Visualizing the Model#
For visualization, we can plot our model specified model using the following code.
semopy.semplot(model, plot_covs = True, filename='data/cfa_plot.pdf')
Fitting an Alternative Model#
Next to evaluating our main model using model fit measures, we can also compare it to another model. In the initial model, the latent factors are assumend to covary. However, a model, in which the latent factors are set to be independent might provide a better fit. To specify such a model we need to set the covariances between the factors to be zero.
desc2 = '''visual =~ x1 + x2 + x3
text =~ x4 + x5 + x6
speed =~ x7 + x8 + x9
# Set covariance to zero
speed ~~ 0 * visual
speed ~~ 0 * text
text ~~ 0 * visual'''
# Fit the model
model2 = semopy.Model(desc2)
results2 = model2.fit(data)
# Print results
estimates2 = model2.inspect()
print(estimates2)
stats2 = semopy.calc_stats(model2)
print(stats2.T)
# Visualise the model
semopy.semplot(model2, filename='data/cfa_plot2.pdf')
lval op rval Estimate Std. Err z-value p-value
0 x1 ~ visual 1.000000 - - -
1 x2 ~ visual 0.777690 0.140577 5.532121 0.0
2 x3 ~ visual 1.106134 0.213713 5.175797 0.0
3 x4 ~ text 1.000000 - - -
4 x5 ~ text 1.132942 0.067026 16.903003 0.0
5 x6 ~ text 0.924249 0.056397 16.388161 0.0
6 x7 ~ speed 1.000000 - - -
7 x8 ~ speed 1.225004 0.189741 6.45619 0.0
8 x9 ~ speed 0.854879 0.121394 7.042191 0.0
9 speed ~~ visual 0.000000 - - -
10 speed ~~ text 0.000000 - - -
11 speed ~~ speed 0.436378 0.096596 4.517579 0.000006
12 text ~~ visual 0.000000 - - -
13 text ~~ text 0.968662 0.11212 8.639478 0.0
14 visual ~~ visual 0.524296 0.130307 4.023553 0.000057
15 x1 ~~ x1 0.834191 0.118174 7.059036 0.0
16 x2 ~~ x2 1.064637 0.104633 10.174933 0.0
17 x3 ~~ x3 0.633474 0.129037 4.909248 0.000001
18 x4 ~~ x4 0.381652 0.048902 7.804458 0.0
19 x5 ~~ x5 0.416184 0.059129 7.038589 0.0
20 x6 ~~ x6 0.368783 0.044073 8.367492 0.0
21 x7 ~~ x7 0.746228 0.086244 8.652507 0.0
22 x8 ~~ x8 0.366430 0.096487 3.7977 0.000146
23 x9 ~~ x9 0.695777 0.072202 9.636564 0.0
Value
DoF 27.000000
DoF Baseline 36.000000
chi2 153.527262
chi2 p-value 0.000000
chi2 Baseline 918.851637
CFI 0.856683
GFI 0.832914
AGFI 0.777219
NFI 0.832914
TLI 0.808911
RMSEA 0.124983
AIC 34.979885
BIC 101.707870
LogLik 0.510057
We can see that the covariances between the latent factors (e.g. speed ~~ visual) are now forced to be zero.
Compare models#
To see which of our models provides a better fit, we can compare them. For that, lets print the model fit measures for both models again.

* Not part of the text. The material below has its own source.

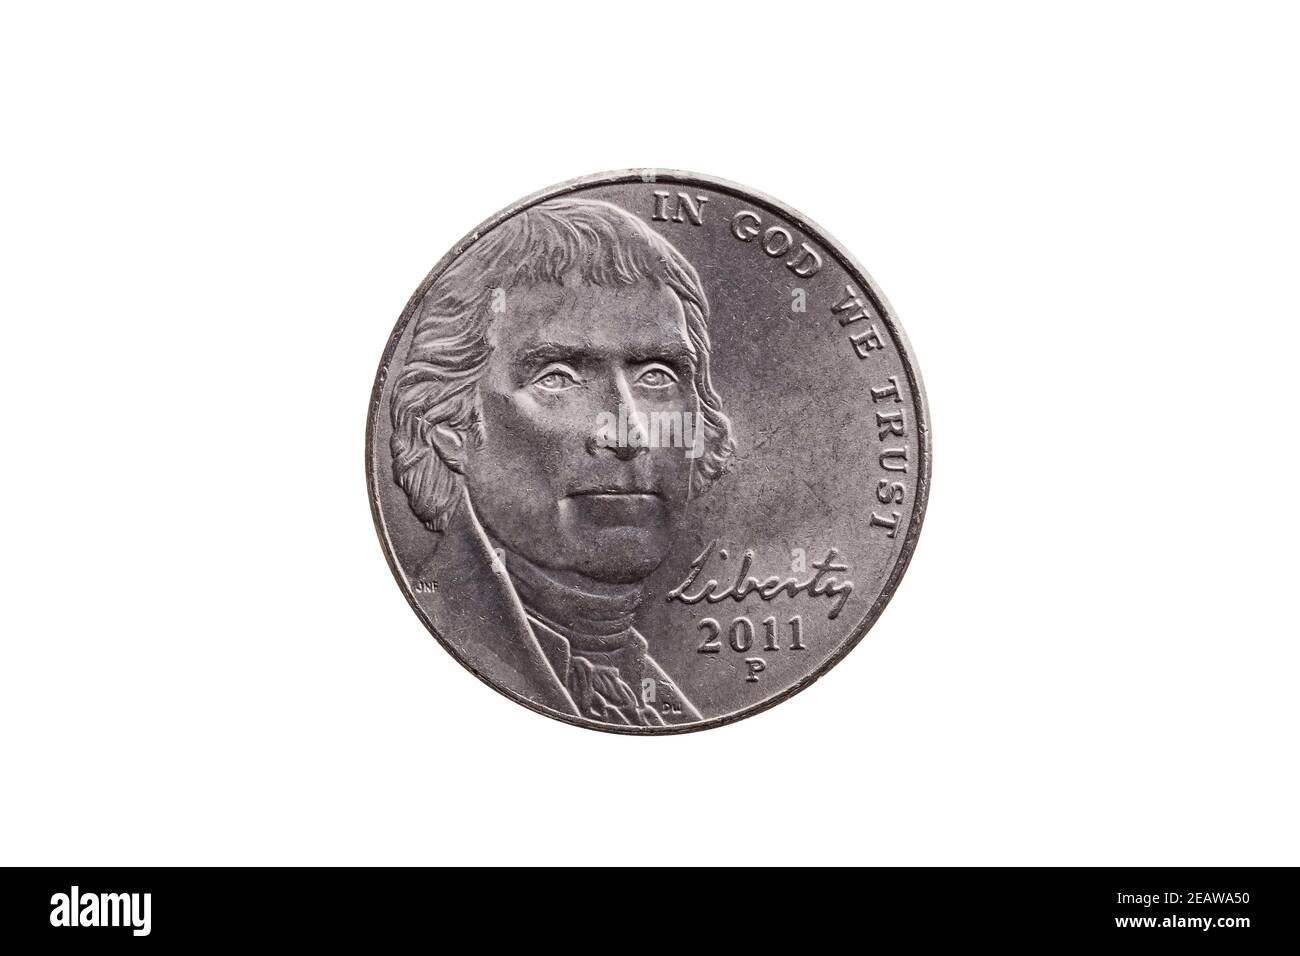 Moneta di nickel half dime USA (25 centesimi) Con un ritratto immagine di Thomas Jefferson tagliato fuori e. isolato Foto Stock

print(stats.T) # Model 1 (correlated latent factors)
print(stats2.T) # Model 2 (independent latent factors)
Value
DoF 2.400000e+01
DoF Baseline 3.600000e+01
chi2 8.530573e+01
chi2 p-value 8.501896e-09
chi2 Baseline 9.188516e+02
CFI 9.305594e-01
GFI 9.071605e-01
AGFI 8.607407e-01
NFI 9.071605e-01
TLI 8.958391e-01
RMSEA 9.227505e-02
AIC 4.143318e+01
BIC 1.192825e+02
LogLik 2.834077e-01
Value
DoF 27.000000
DoF Baseline 36.000000
chi2 153.527262
chi2 p-value 0.000000
chi2 Baseline 918.851637
CFI 0.856683
GFI 0.832914
AGFI 0.777219
NFI 0.832914
TLI 0.808911
RMSEA 0.124983
AIC 34.979885
BIC 101.707870
LogLik 0.510057
We can compare model fits by looking at their AIC and BIC. As stated above lower values indicate a better fit. Here, AIC and BIC both favor the simpler model which assumes indepence between the latent variables.